Task objective — Please give back word for word the lines of the material below between the line containing "上海西点军事夏令营精彩图片回顾及活动照片" and the line containing "Złoty pierścionek 585", inclusive.
##### Information given
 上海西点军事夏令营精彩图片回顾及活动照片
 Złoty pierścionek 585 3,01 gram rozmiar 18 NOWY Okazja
##########
##### Information given
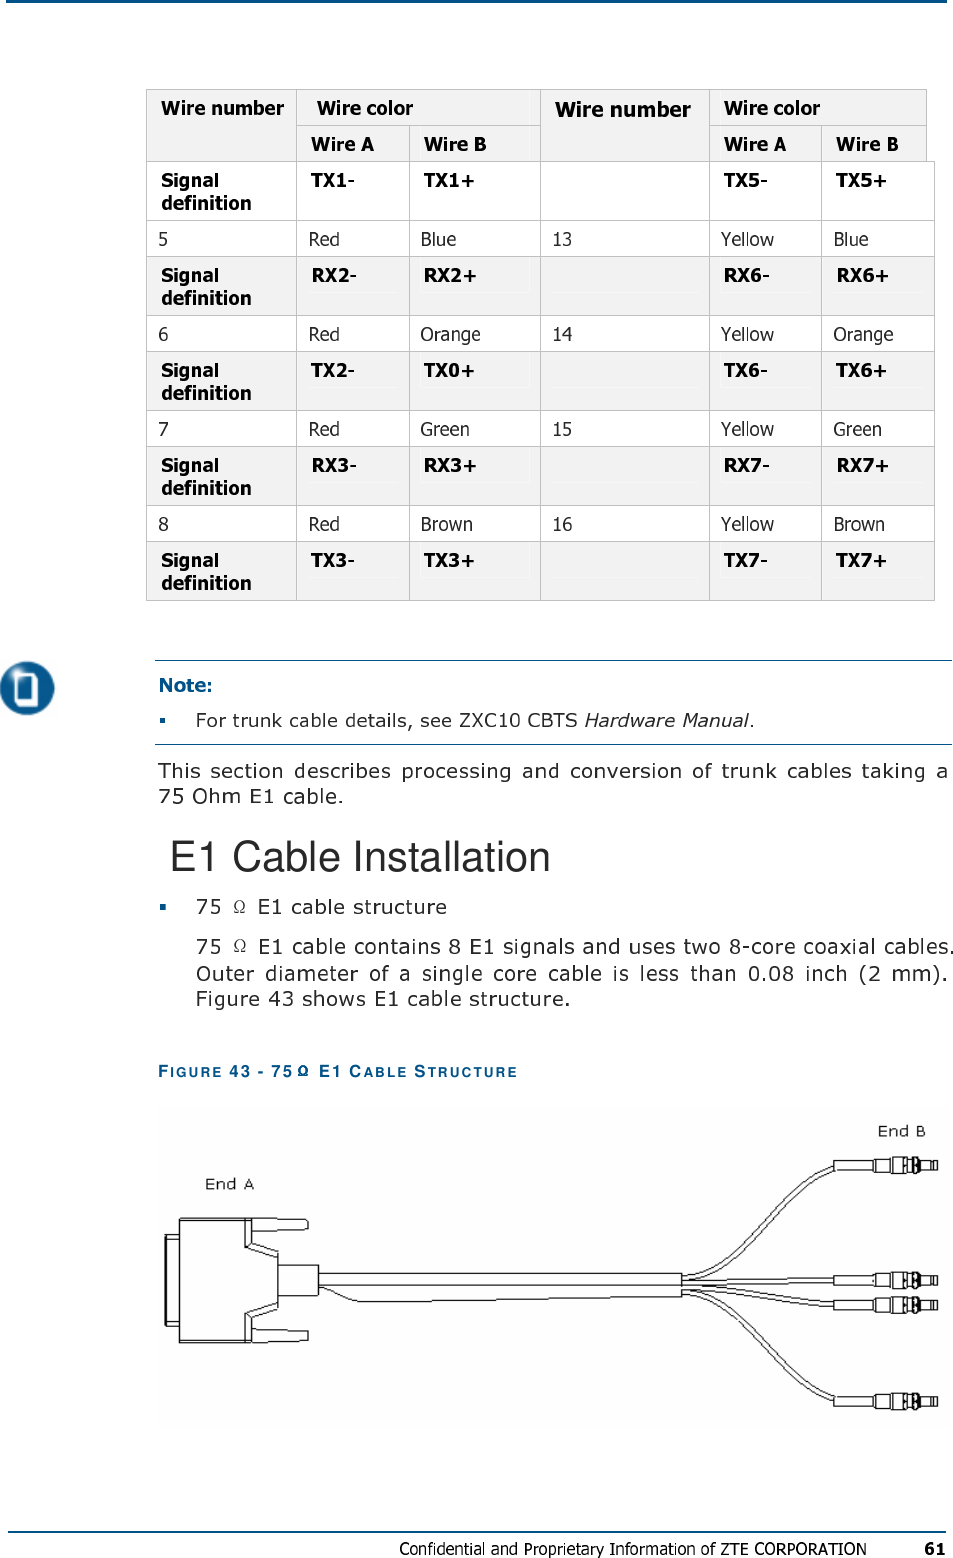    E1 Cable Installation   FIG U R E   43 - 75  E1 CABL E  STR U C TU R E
##########
Exercise answer —
 上海西点军事夏令营精彩图片回顾及活动照片
 Złoty pierścionek 585 3,01 gram rozmiar 18 NOWY Okazja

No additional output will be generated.